SEBI Revises Debt Issuance Rules: Key Changes for Companies

The amendment requires full board approval each time a company raises debt, raising concerns.

Debt investment managers indicate that the Securities and Exchange Board of India’s (SEBI) recent amendment, issued on 18th September, updates the 2021 regulations for companies issuing debt securities, primarily debentures. The amendment raises concerns as it requires full board approval each time a company raises debt.

Debt investment managers express concerns that the new amendment may delay debenture funding.

The amendment requires companies to ensure that the board of directors reviews the documents, making them ultimately responsible for the contents.

The previous process, known as the GID-KID method, required companies to file a General Information Document (GID) with exchanges containing board-approved financial details.

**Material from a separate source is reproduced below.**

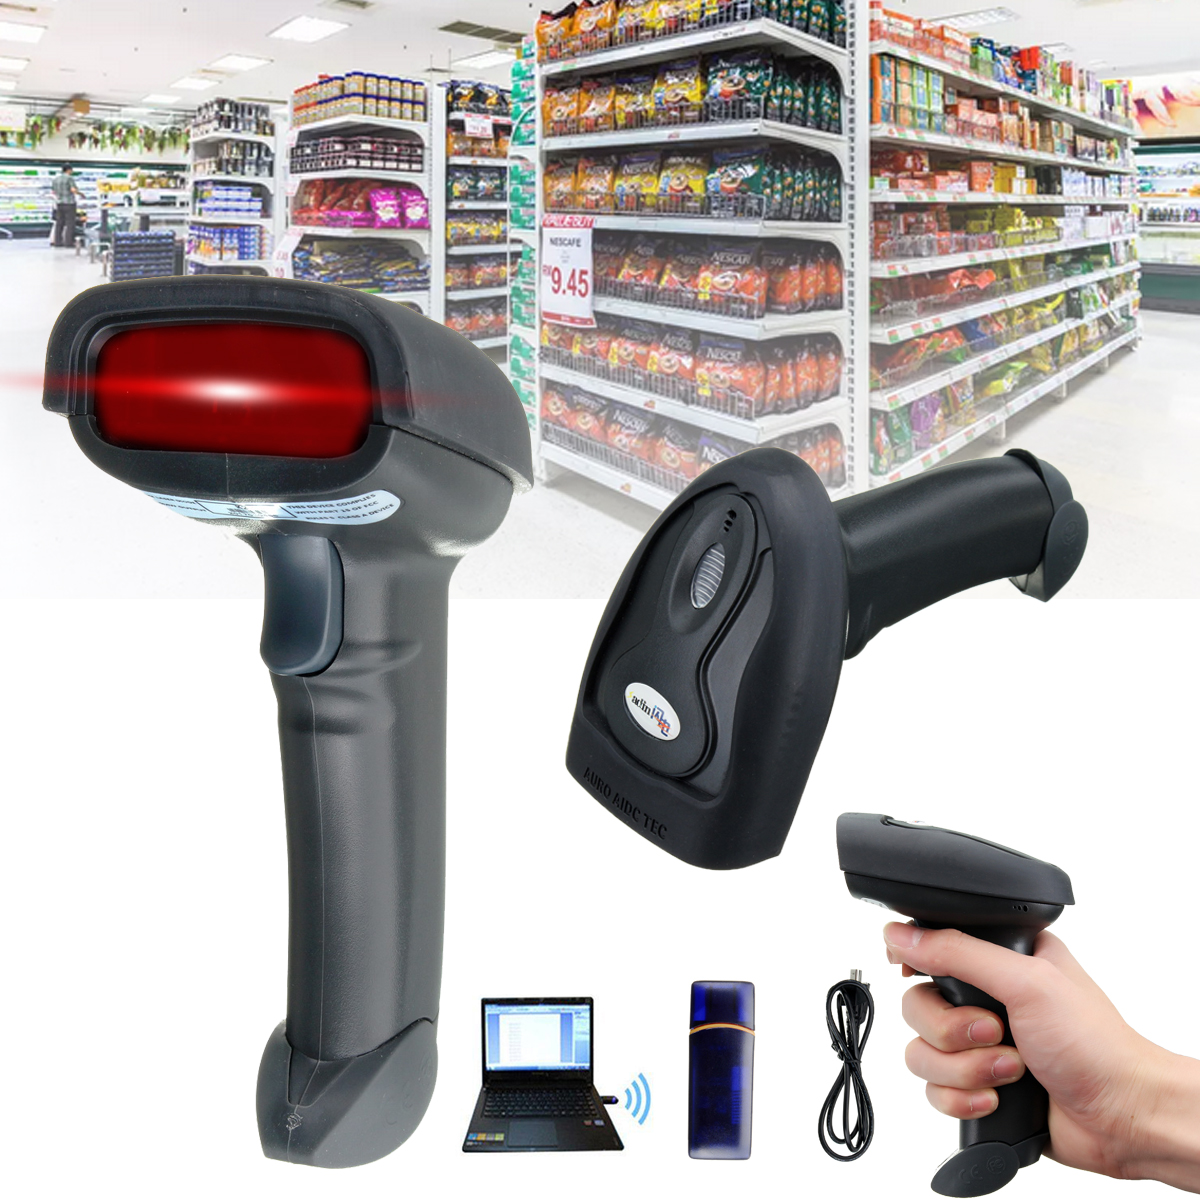 Wireless Scanner Wifi Laser Handheld Scanner Barcode 2.4G USB POS Scan Bar Code Scanner Reader Scan Gun for Supermarkets new handheld bluetooth wireless usb automatic barcode scanner reader with usb receiver for pos pc laptop em88

Companies would then file a Key Information Document (KID) during favourable market conditions, which included pricing and commercial terms approved by the debenture committee.

Investment bankers find the new rules confusing and are seeking clarification from SEBI. The amendment seems to require a full board review of documents, posing potential challenges.

Investment bankers believe the amendment hinders acting swiftly in favourable market conditions.

In publicly listed companies, the involvement of non-executive and independent directors makes it impractical to convene the full board quickly before issuing a debenture.

Lawyers at Khaitan & Company say the original 2021 regulations aimed to simplify the debt-raising process for companies. This new circular may cause delays by requiring full board approval on short notice.

The amendment was introduced after some Non-Banking Financial Companies (NBFCs) claimed their boards had not approved specific debenture issues, which led to failures in repaying debenture holders.

SEBI aims to ensure board oversight of documents to protect lenders and prevent future claims of unawareness.

Lawyers suggest a middle ground that allows reputable companies to raise funds quickly without needing full board approval, arguing that such approval doesn’t guarantee accountability.